Oskar awkwardly tried to help as they rolled up the tent cloth, which appeared to be as light as it looked even with one third the cloth being more solid than the rest of its sheer length. Taking down the tent was apparently a one-person job, though.

He ended up standing around, trying to stay out of the way for the brief minutes it took to pull it down. All three tent poles came apart in the middle, and the sheer cloth rolled up inside the poles where a strap held the whole thing tight. The two pins that held it in the sand went snugly into a small hole at each end of the center pole.

It was genius. A fantastic distraction from the lingering anger Oskar felt towards the big Croc. The whole thing took less than two minutes to set up and take down and apparently weighed little enough that the small purple creatures could simply place the tent on the top of their small packs and strap it in with no apparent discomfort. It just looked like a bundle of sticks with some cloth rolled up inside.

Oskar packed his meager belongings and switched the olive drab long sleeve with the tan one he’d been wearing as the top layer when he’d been first transported here. Big Blue watched him with disdain from across the small camp. The female Croc sat nearby, drinking water that was probably from his waterskin as she watched him with apparent indifference. Pale was nowhere in sight.

She held his gaze for a moment, and then casually tossed the waterskin she’d been drinking onto the sand beside her. Water... not much, but still... poured into the sand from the waterskin, wasted. She watched him for a reaction, knowing they were about to set out into the dangerous sands to get more of what she was casually throwing away. He wanted to be angry, but he was certain that was exactly what she wanted, so it had the opposite effect.

She's playing a game, but she's apparently never been to Marine Corp boot camp. I can play along, but I've got to be careful with her. She's spooky.

Oskar heard clomping footsteps behind him and was thankful for the excuse to break eye contact with the unsettling female Croc. She'd dropped the indifference, and was now looking at him like a hungry wolf watching cattle.
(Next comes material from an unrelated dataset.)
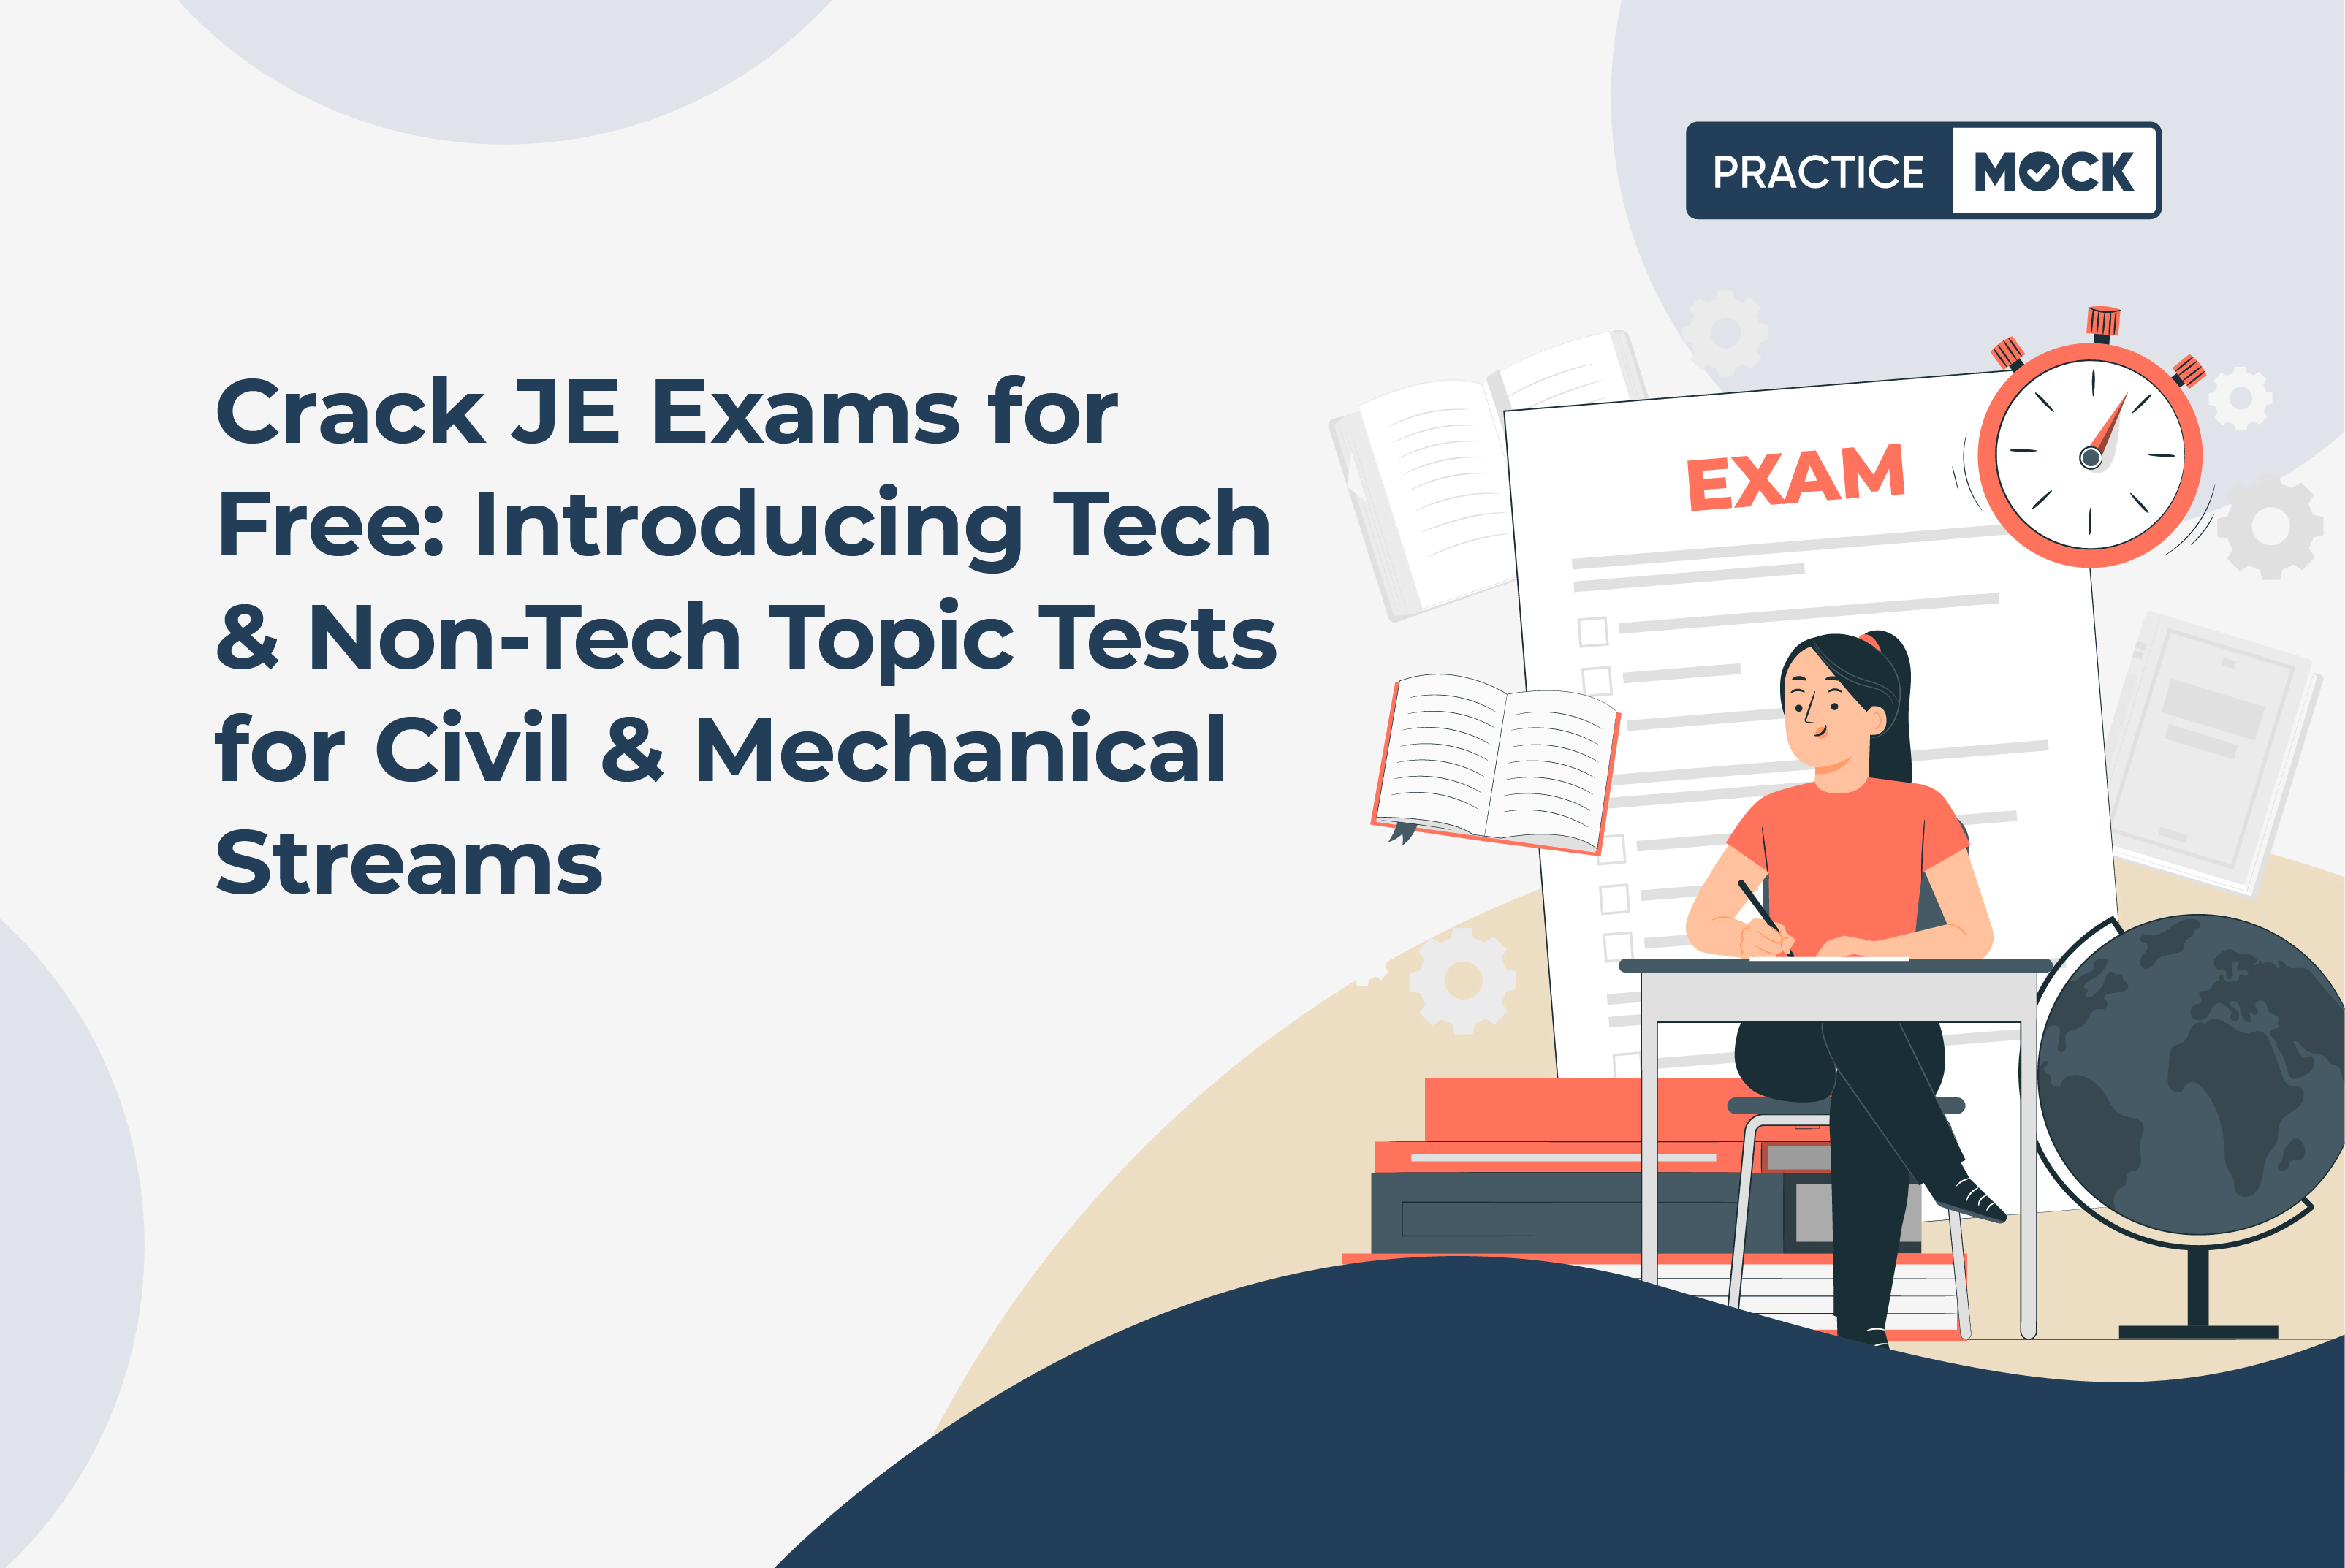 Crack JE Exams for Free: Introducing Tech & Non-Tech Topic Tests for Civil and Mechanical Streams
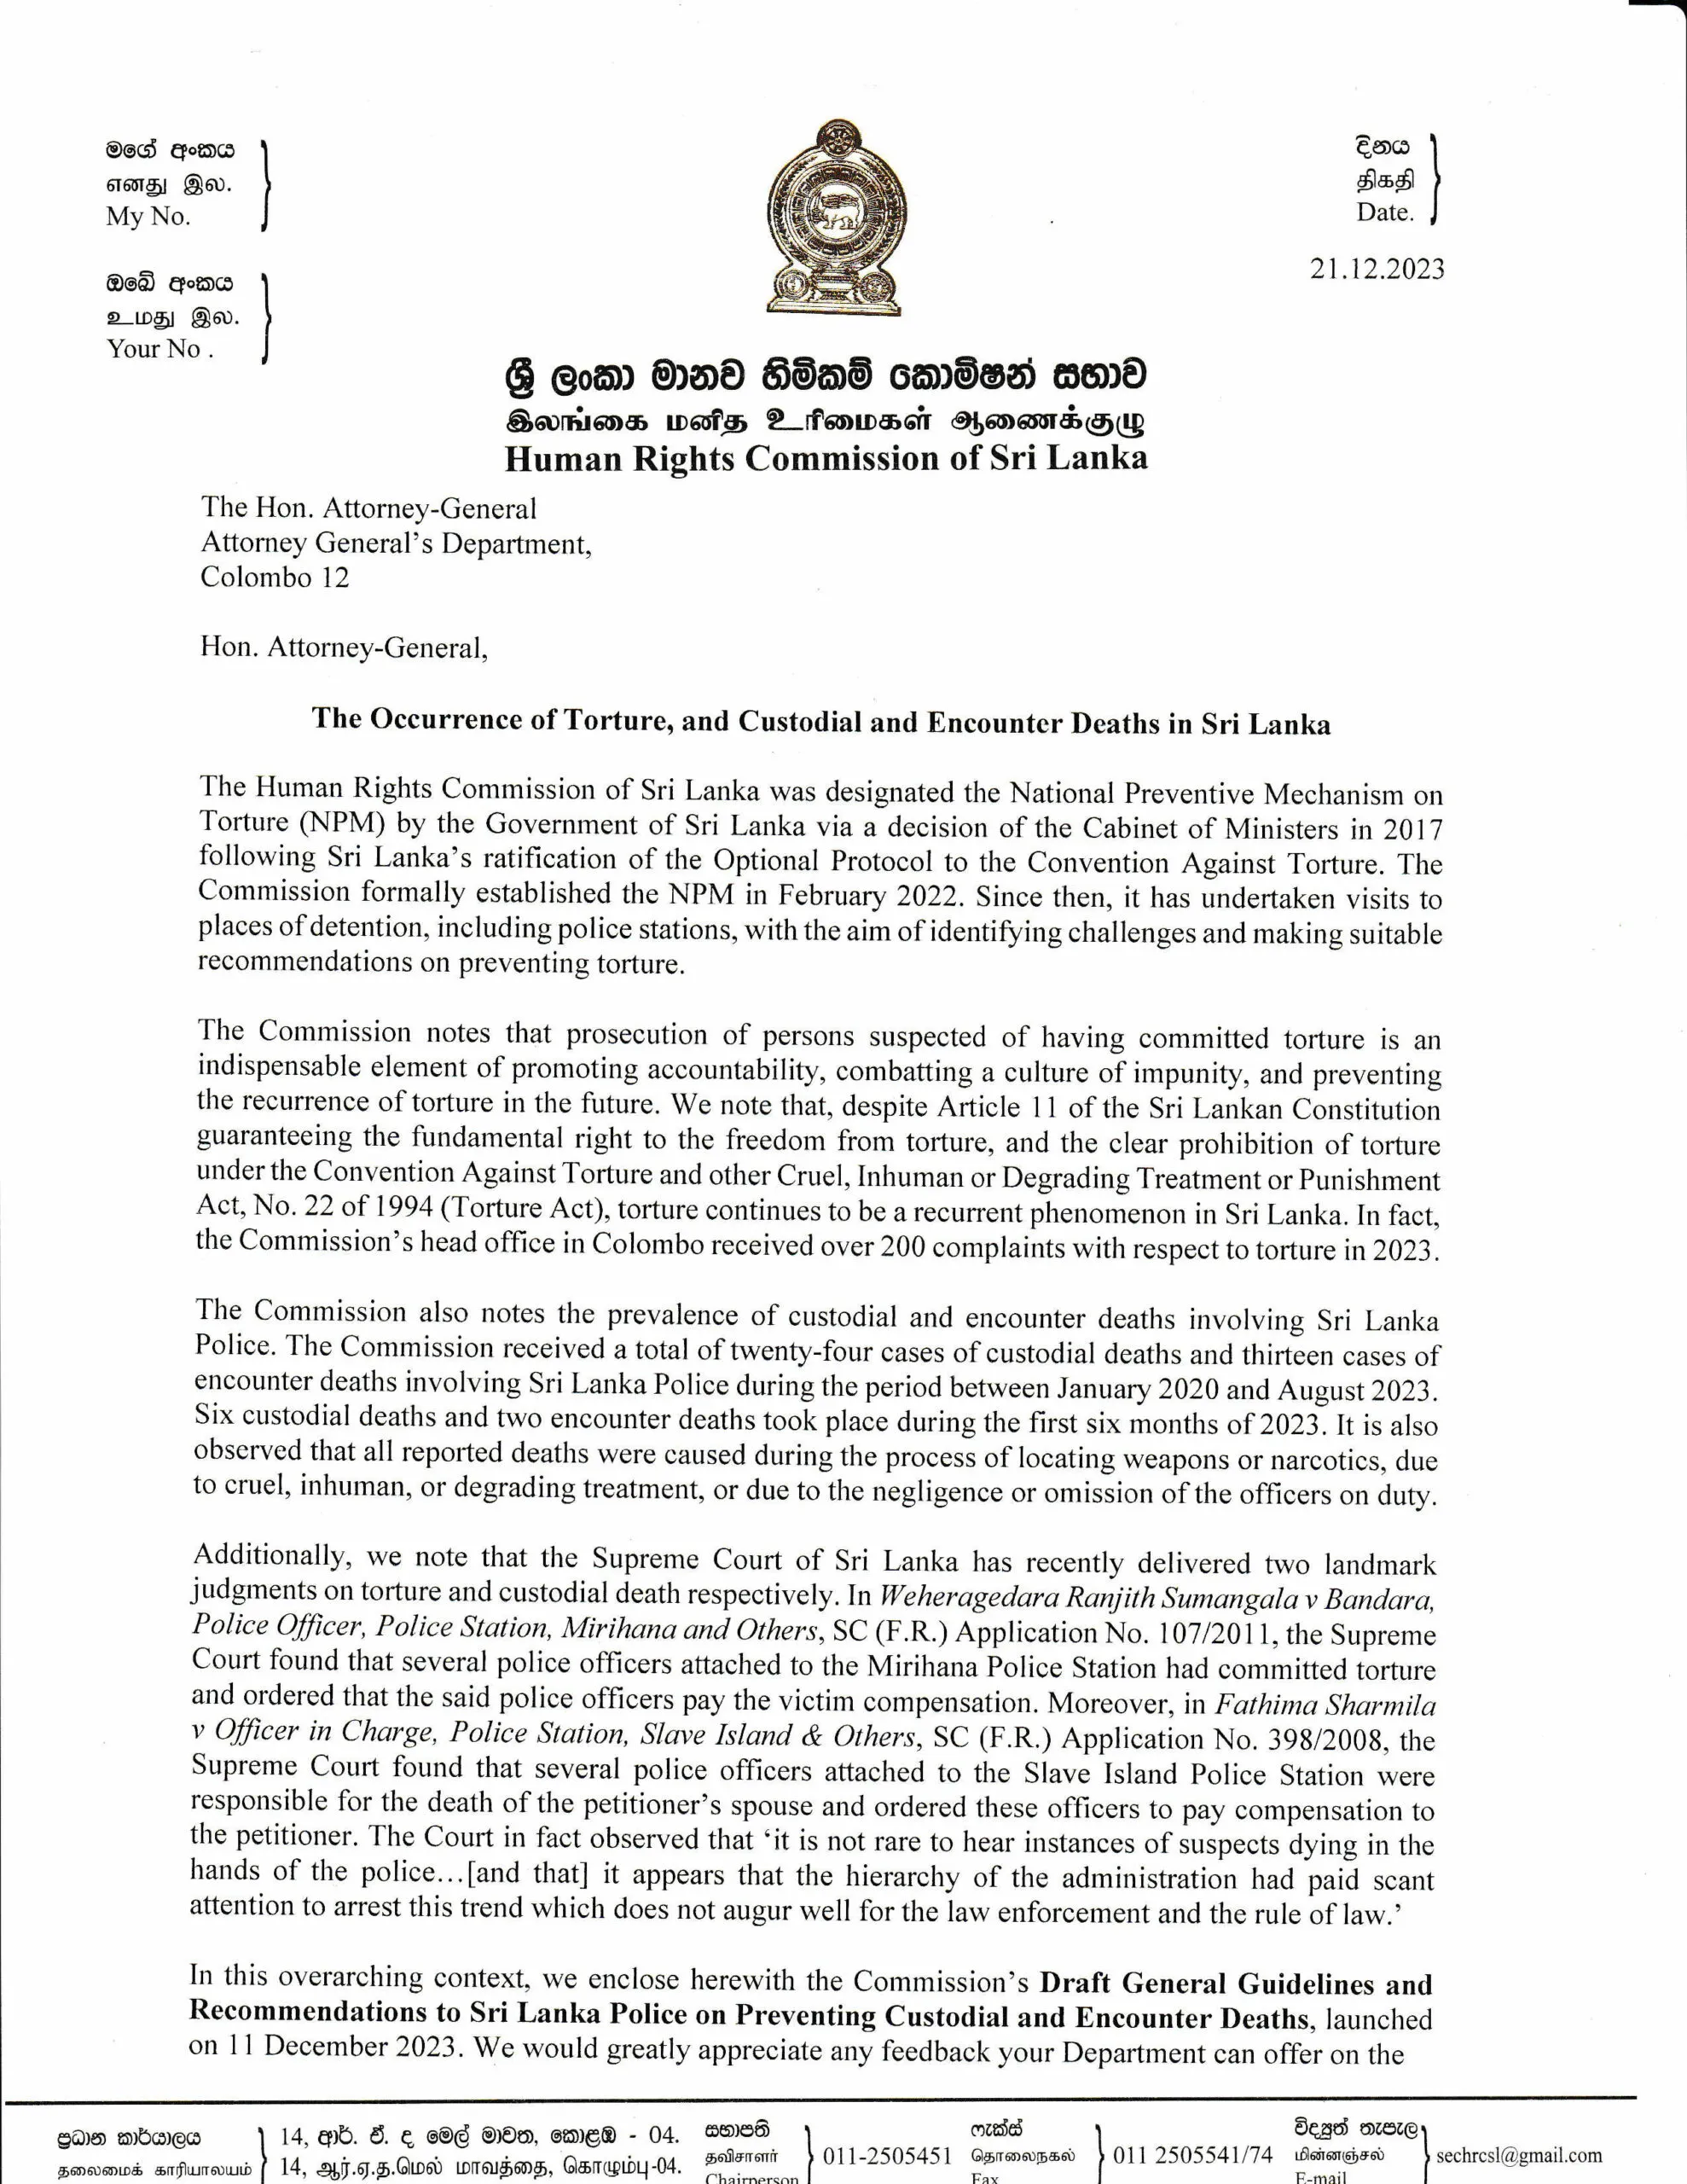 HRCSL Press Notice on 22 12 2023 and HRCSL letter to Attorney General on 21 December 2023 2 scaled

He could still feel her gaze on him as he turned to the blue snout that was just moving into his view. Blue stopped inches from the side of his face and looked down at him, grinning wickedly.

“Valla insati… ins, …uh, bigly hungry. All the time. You not the first useless one she eat. She consume so much, she not allowed home for a time. Yum! Yum! Yum! How bout you go hunt water before she drink you, too. Seems we getting low.” He laughed at himself, but his eyes were deadly serious. Thick spittle hit Oskar’s face, but he knew better than to flinch.

He turned and walked away. Choking down one’s pride was easier when you had a seven-foot-tall blue scaled Croc inches from your face, and another that felt even more dangerous staring at you like she was about to feast on your soul.

Big Blue called to him across the camp, “Useless pink. Bring back bunches or don’t bother come back, or maybe we eat your other leg. Maybe we eat a Kobold, too. Maybe we eat you all.”

Oskar ignored the threats, though something the Croc said gave him pause.

Did he just say Kobold? I thought Kobolds were supposed to be all hunched over and rat-like. These guys looked more like the Kobolds described in a book he’d read once where a rich guy had bought a whole magical kingdom for a few million bucks.

Lucky me, I got a whole planet… and it only cost me a night in a creepy motel.

He looked over at the two “Kobolds.” Apparently used to both the Gambit and the mistreatment, they stood waiting near the mouth of a valley between the dunes, at the edge of the camp clearing.

In the daylight, he wasn’t sure what side he’d entered the camp in the night before, but his best guess was they were leaving from the opposite side. It was harder to tell with only two tents up. The female Kobold's green eyes watched him as Oskar walked toward them. She said something to the other Kobold, and they turned and began walking slowly to give him time to catch up, apparently just as impatient as he was to get away from these unpredictable Crocs and their threats.